Read Signature info of UM Application from inside the driver in KM

I need to read an executable’s digital certificate (name of signer) from inside a filter driver (in kernel mode).
I am searching for help for this task and unable to find a way to how to achieve this using KMDF.
Is it even possible to to do this in kernel mode.

Please help.

Is it possible? Of course. You can find the path to the executable file, then open the file, read the PE headers and parse them, find the certificate chain, figure out which certificate in the chain is the one you want, decode the certificate, figure out which field means something to you, and read it.

Is it going to be easy? No. Is it foolproof? No. A nefarious actor could delete the executable file after loading, leaving no trace. Why do you want to do this?

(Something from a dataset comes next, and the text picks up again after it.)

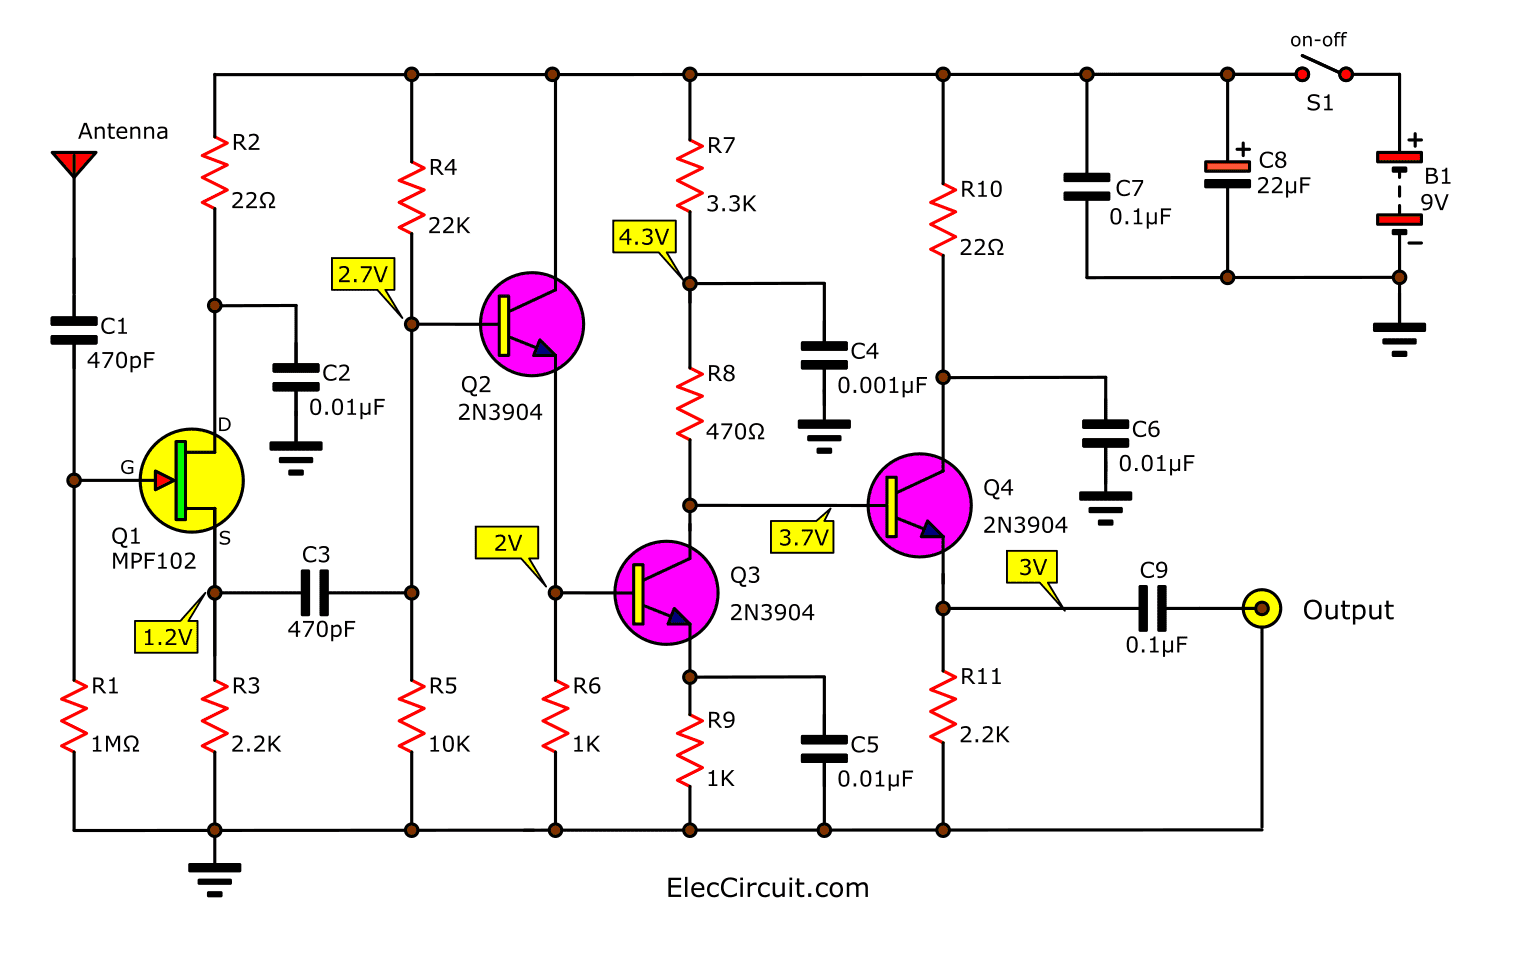 Simple Active antenna in SW/MW/FM bands - ElecCircuit

Or something much simpler like modifying the code bytes in memory after they have been loaded - then when you verify that the signature of the file on disk is valid, and agree to trust this process based on a valid certificate, you now trust the newly modified code.

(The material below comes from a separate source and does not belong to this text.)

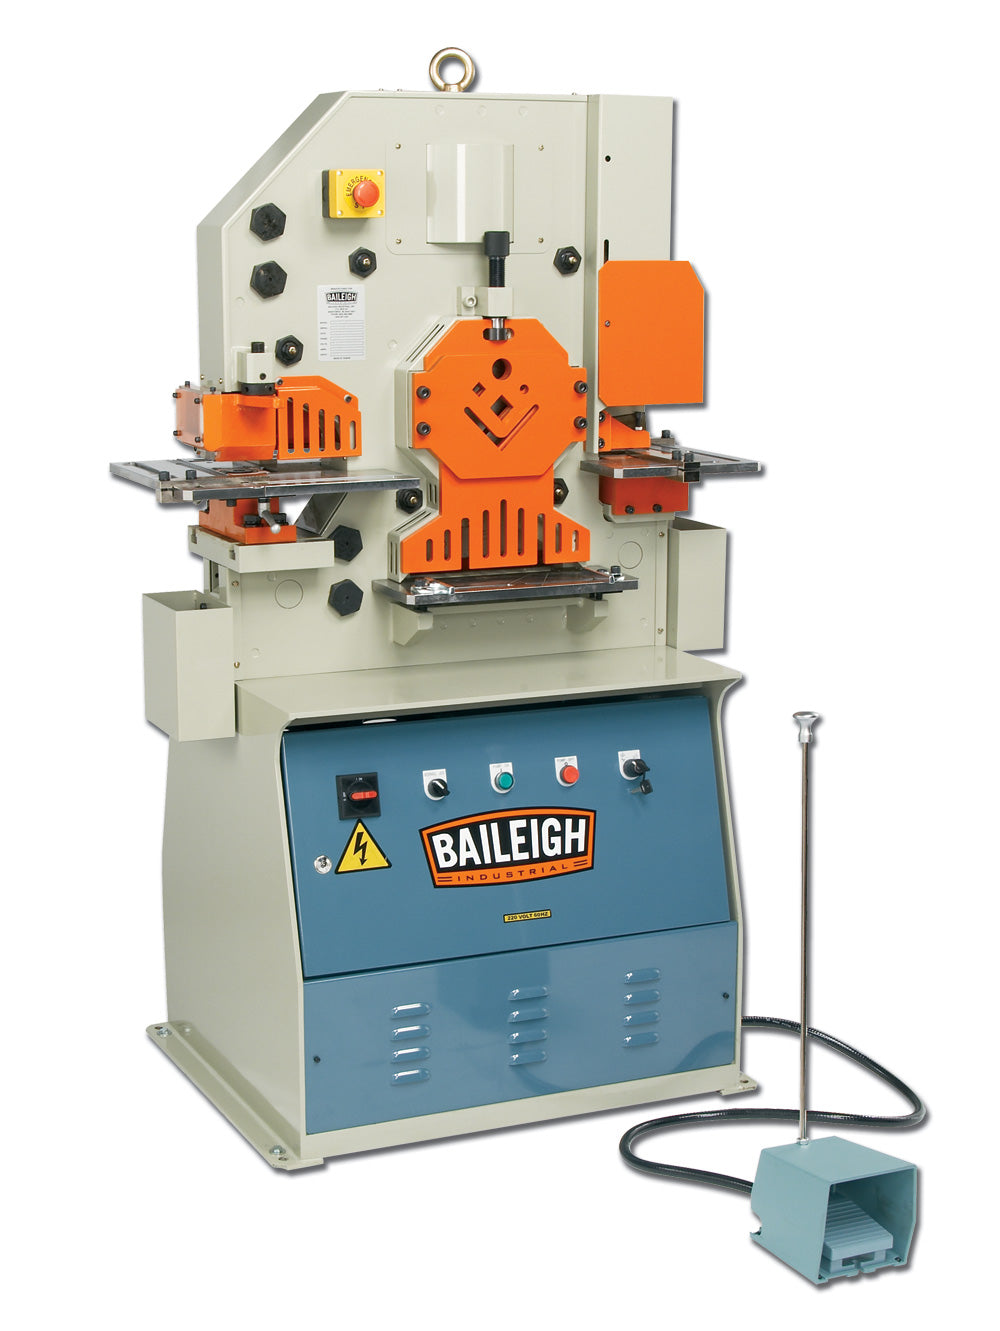 Baileigh SW-503 220V 3 Phase 50 Ton 5 Station Ironworker

This class of question: ‘I need to do x in kernel mode’, where x is trivial to do in user mode but not really supported in kernel mode, needs to first explain why using a user mode service cooperating with the kernel mode driver is not an acceptable solution.

While that it certainly true, in this case the validity of X is also a question. Wherever it may be verified from, a disk image may be perfectly ‘valid’. While the executing can be arbitrarily different. Normally, these differences are the result of the various loader fixups - dramatically reduced by the x64 instruction encoding and RVA but still required in some cases. Which means that you can’t check the cryptographic signature against the loaded memory image. And that means that so called security checks of this kind are at best useless

Is it even possible to to do this in kernel mode.
Yes, it’s possible but requires a huge amount of work and thorough testing.
All basic information is described in the following documents:

“Microsoft Portable Executable and Common Object File Format Specification”
RFC 2315 - “PKCS #7: Cryptographic Message Syntax Version 1.5”
RFC 5280 - “Internet X.509 Public Key Infrastructure Certificate and Certificate Revocation List (CRL) Profile”
RFC 5652 - “Cryptographic Message Syntax (CMS)”

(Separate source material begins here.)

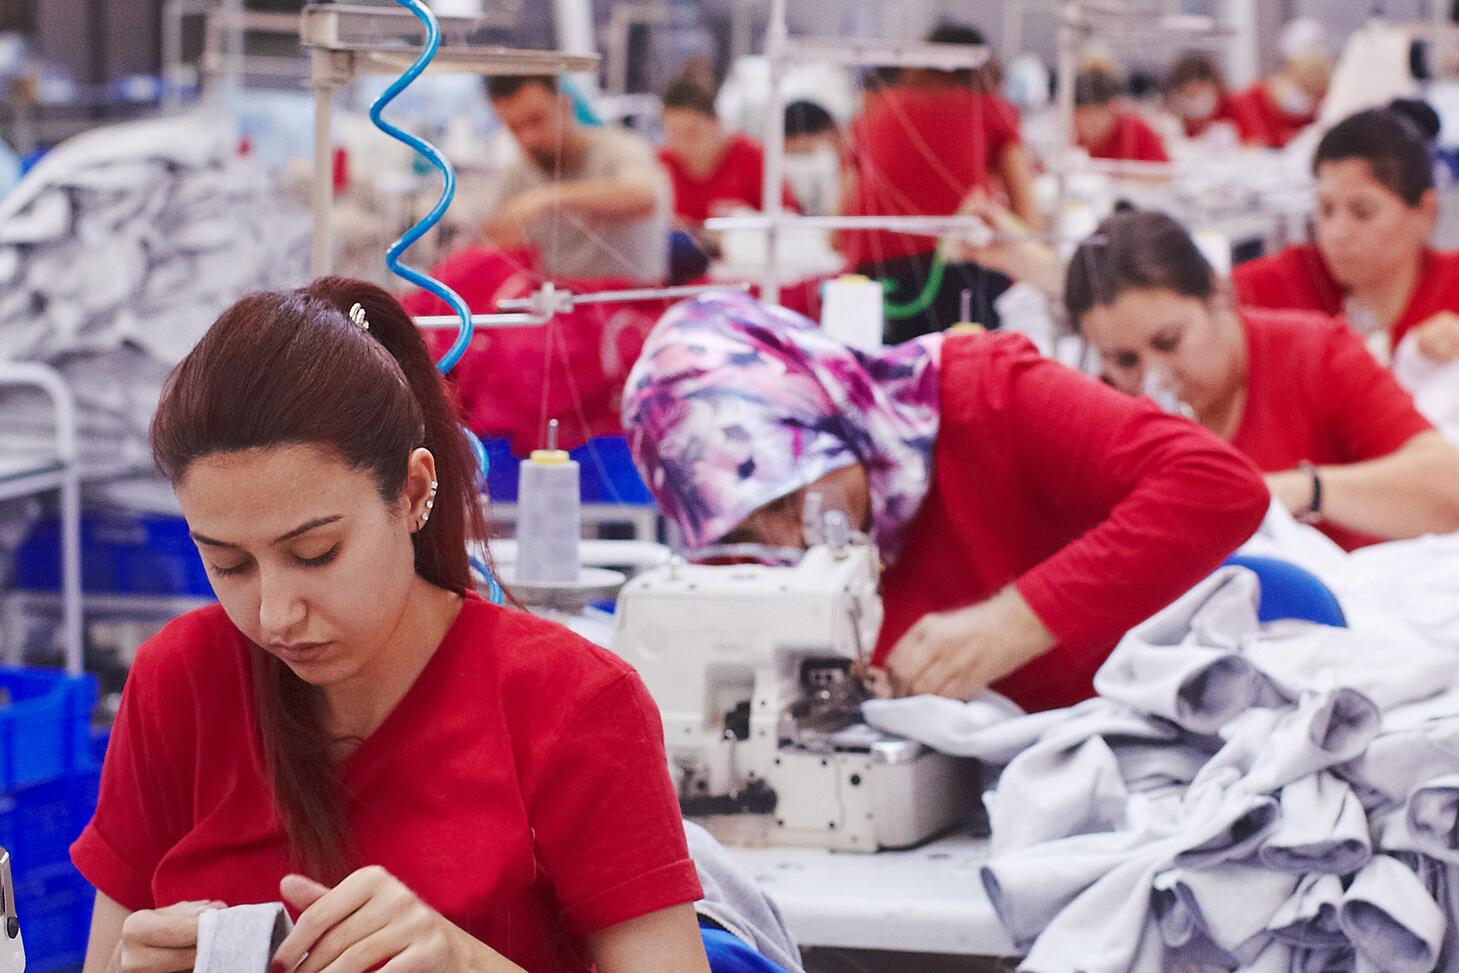 Women working in a factory sewing clothing.

It’s quite real to find WIN_CERTIFICATE array and then parse ASN.1 structures, but many things must be taken into account:
old WIN_CERTIFICATE revisions, invalid block length, T61String and other strings decoding, RFC822name, BER indefinite-length
encoding, double/triple signatures, etc. Also be ready to write many tricky test programs and use it with 100500 executable
files collected from different PC - this is the only way to ensure that your parsers work well.

Yes, but… The original poster hasn’t told us so, but I don’t think they want to be able to read EVERY file ever signed. They want to verify that the calling process is THEIR process. If they get something unexpected, they can just reject it.

1 Like

Still a useless check. Whatever magic combination of bytes get checked to determine that the caller is THEIR special process can be spoofed by any sufficiently privileged attacker - and if they are not privileged, then the usual ACL security will be just fine

Well, if attacker can run some spooky code that is not file-based (at least lives outside of the main executable file) then verifying the executable file is useless.
For example, a legitimate signed exe can load a hostile DLL or execute script from non-executable file.